At the heart of reading a graph is this fact: you have to look at the axes to understand what the lines or bars or areas mean. Once you know the style, you can understand it at a glance - but first time, examine it with care. If it's one of mine, feel free to ask me what I'm trying to show if it is not immediately obvious. I very well may have failed to make it clear.

So this is a little overview of how to read some of the graphs which I use to communicate what I consider to be otherwise yawn-inducing tables of numbers about viral infection and disease numbers.

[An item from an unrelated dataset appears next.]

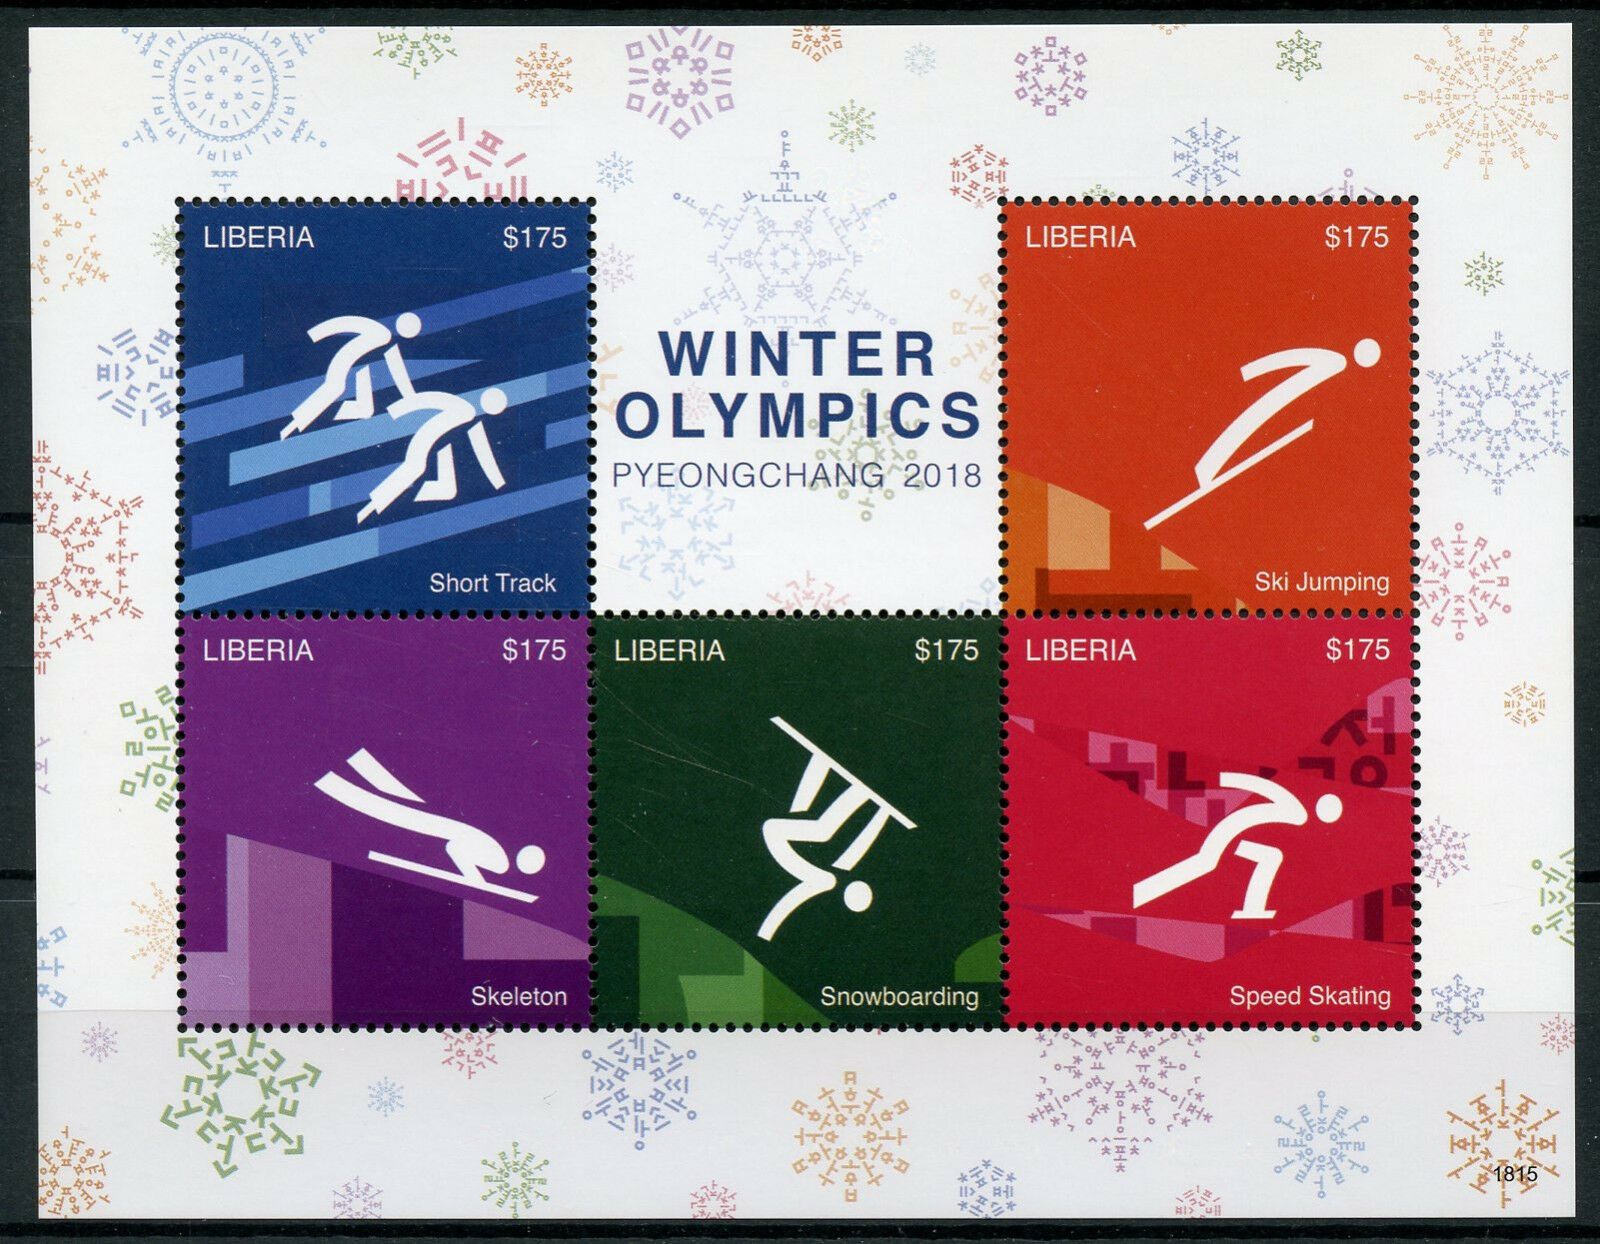 почтовая марка Олимпиады Пхёнчхан 2018 Либерия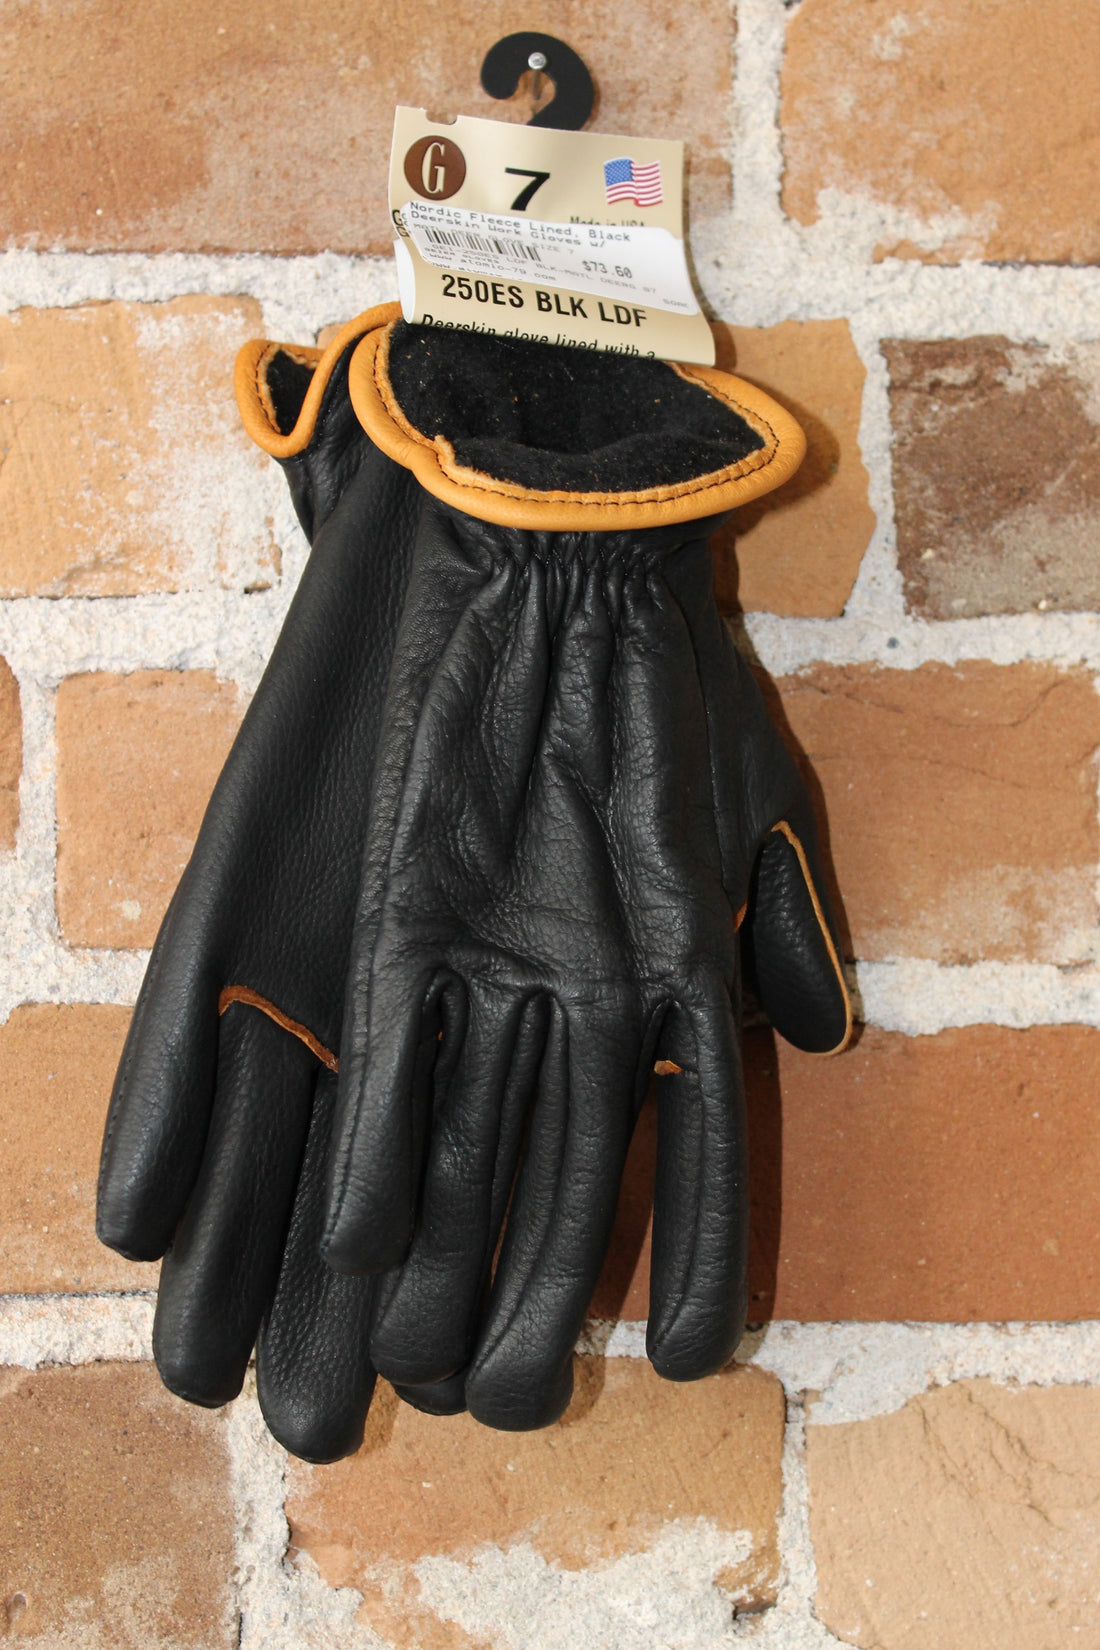 Nordic Fleece Lined Deerskin Work Gloves In Black view of gloves

A picture is worth a thousand words..

This is a good thing because with my lack of typing skills, if I had to type 1,000 word all the time, that would be at least 200 typos. Graphs plot those tabular numbers in a more colourful and visual way. Once you know how to read a graph, they can become powerful and quick ways to get a quick update on the state of play. On VDU the game seems to be about outbreak data. That's just the way things have evolved for me since I first blogged on 28-March 2013. This includes graphing the number of people with disease (cases), changes in the number of cases, numbers that are suspected versus the number that are actually laboratory confirmed (my currency), dates of onset illness (favoured piece of data and the hardest to come by publicly), the numbers who die, the proportion (%) of all cases/detections who die, dates when disease was reported, sex, age and all of that can be plotted on graphs by day, week, month or year.

Interpreting a basic graph on VDU...

The graph below (Graph 1) comes from following Middle East respiratory syndrome (MERS) public data. It shows the key parts of the structure of the graphs - the axes (the horizontal and vertical lines that are the key to reading the plotted numbers) and the axes.

A basic graph has a bottom horizontal line called the x-axis and it has a vertical line on the side called the y-axis. These are used to tell you what the numbers plotted on the graph mean; they are a key to the placement of each point on a graph, according to at least 2 different values.
Each point on a graph represents a coordinate. Its made up of an x-axis values (abscissa) and a y-axis value (ordinate). For example we plot 50 cases reported on Thursday or 50 on the y-axis and Thursday one the x-axis (x,y)
The points that we plot as pairs of x and y data can be joined up and shown as a line (the area underneath the line can also be coloured in which looks like a mountain that may have peaks and troughs) or they can be plotted as bars. There are other ways too - but I keep it simple. Joining up these dots is not always accurate - we may have no idea what is really happening to the numbers between any 2 points, in that case a bar graph may be more realistic as it shows the numbers at a distinct point in time. Sometimes bar graphs don't work from a formatting perspective (eg bars get so skinny you can't see them). Other times, joining the dots reveals the trends (the general direction that events are heading even if we don't know the values). Trends are useful in infectious disease as they show what has happened and what the latest data mean in the context of what has come before - so not too unrealistic. Some of this is about being accurate while not being too overly obsessive.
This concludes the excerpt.